I have not used a power supply that works like this; most low voltage DC power supplies will show full voltage on the load terminals with nothing connected. As mentioned in the comments, maybe it's a safety feature. (If so it's a little surprising to me, since 12V is pretty safe, I could see this making more sense with 120V...)

But going with this presumption that this is a safety feature, where the transformer cuts voltage in a no-load condition, my first guess would be that implies one (or maybe even both) of the conductors between the power supply and the first light are broken. Maybe they got damaged somehow while decorating, maybe someone drove a stake in the ground and hit a conductor.

If the wires were in tact to the first light, you would have a load. If the fault was downstream from the first light, you'd get at least one or some lights working.

The simplest way to test this would be to run a test cable across the yard from the power supply to the first light and see if everything works.

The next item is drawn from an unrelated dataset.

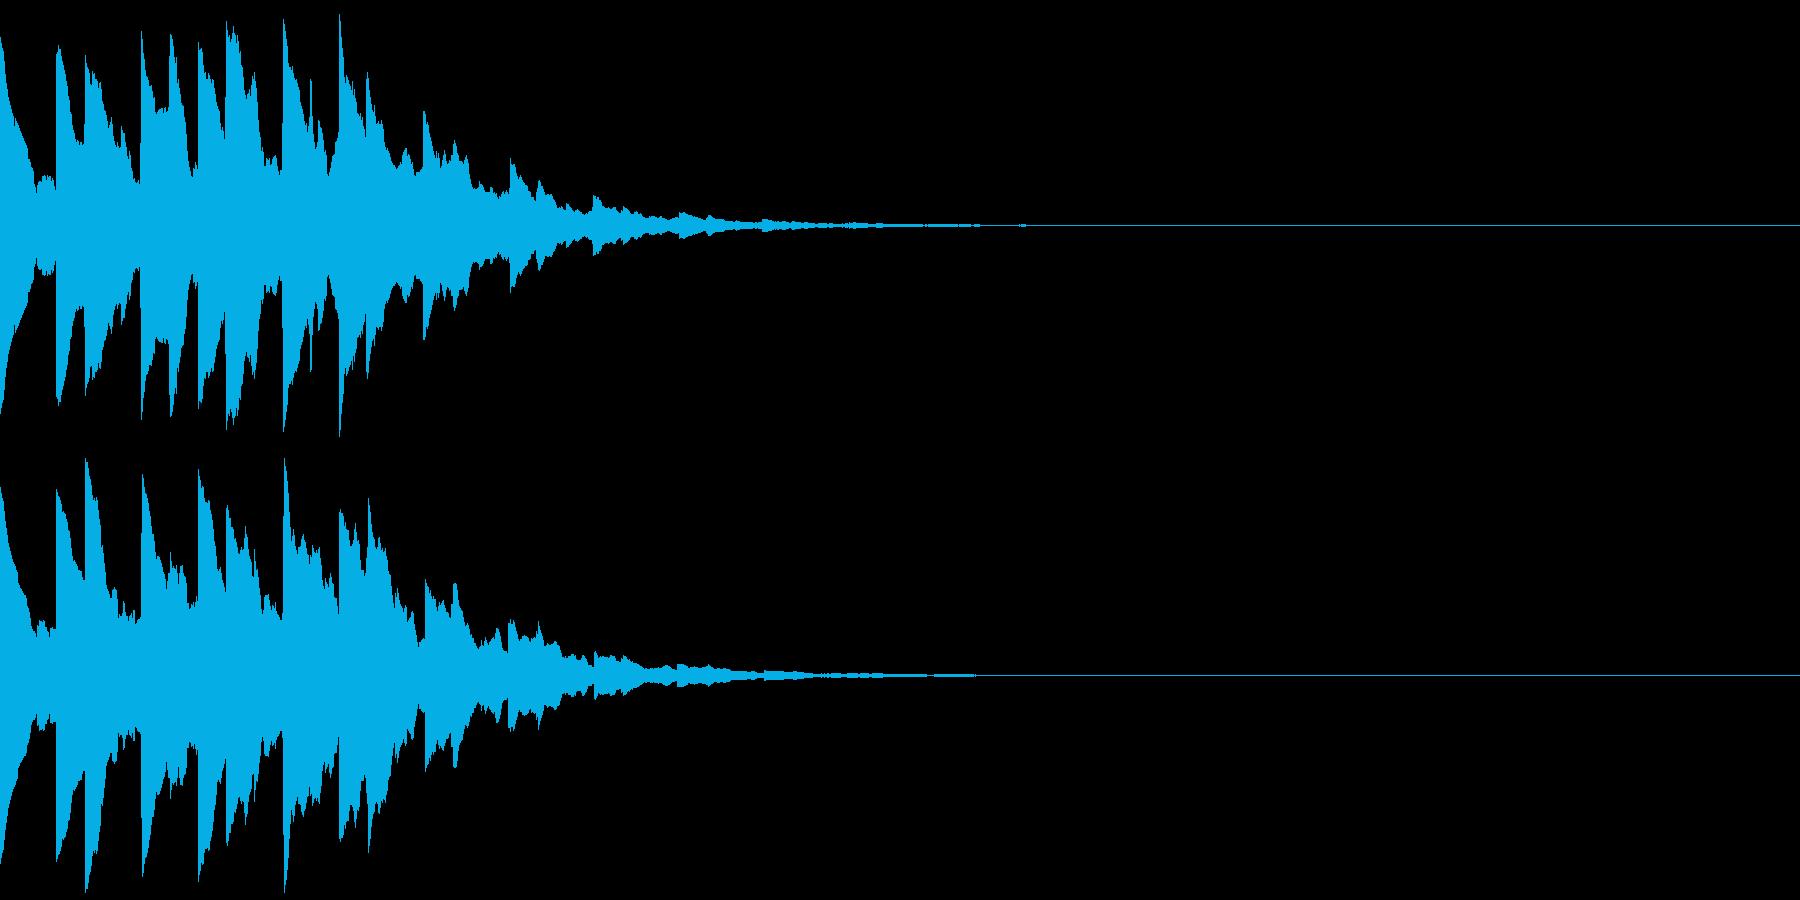 ベルのゲームクリア音、レベルアップ音の再生済みの波形

  • Since the first few feet of wiring aren't buried, I was able to test from the transformer to the first light by disconnecting the wire from the transformer and pulling it over near the first light. Then I used a multimeter to test the connection from the start of the wiring to the first light socket. Each side of the wiring had a solid connection to one side of the socket. But the first light doesn't work ... strange.
    – arlomedia
    Nov 7, 2018 at 0:38

I finally figured out what was wrong here. The light bulbs burn out often in this system. And apparently when one bulb burns out, the rest of the set stays lit, but when a few burn out, the whole set turns off. Maybe this is due to the load detection function that turns off the power when no wiring is connected. Anyway, I changed all the bulbs and now everything works again. The fact that it stopped working after installing holiday decorations must have just been a coincidence.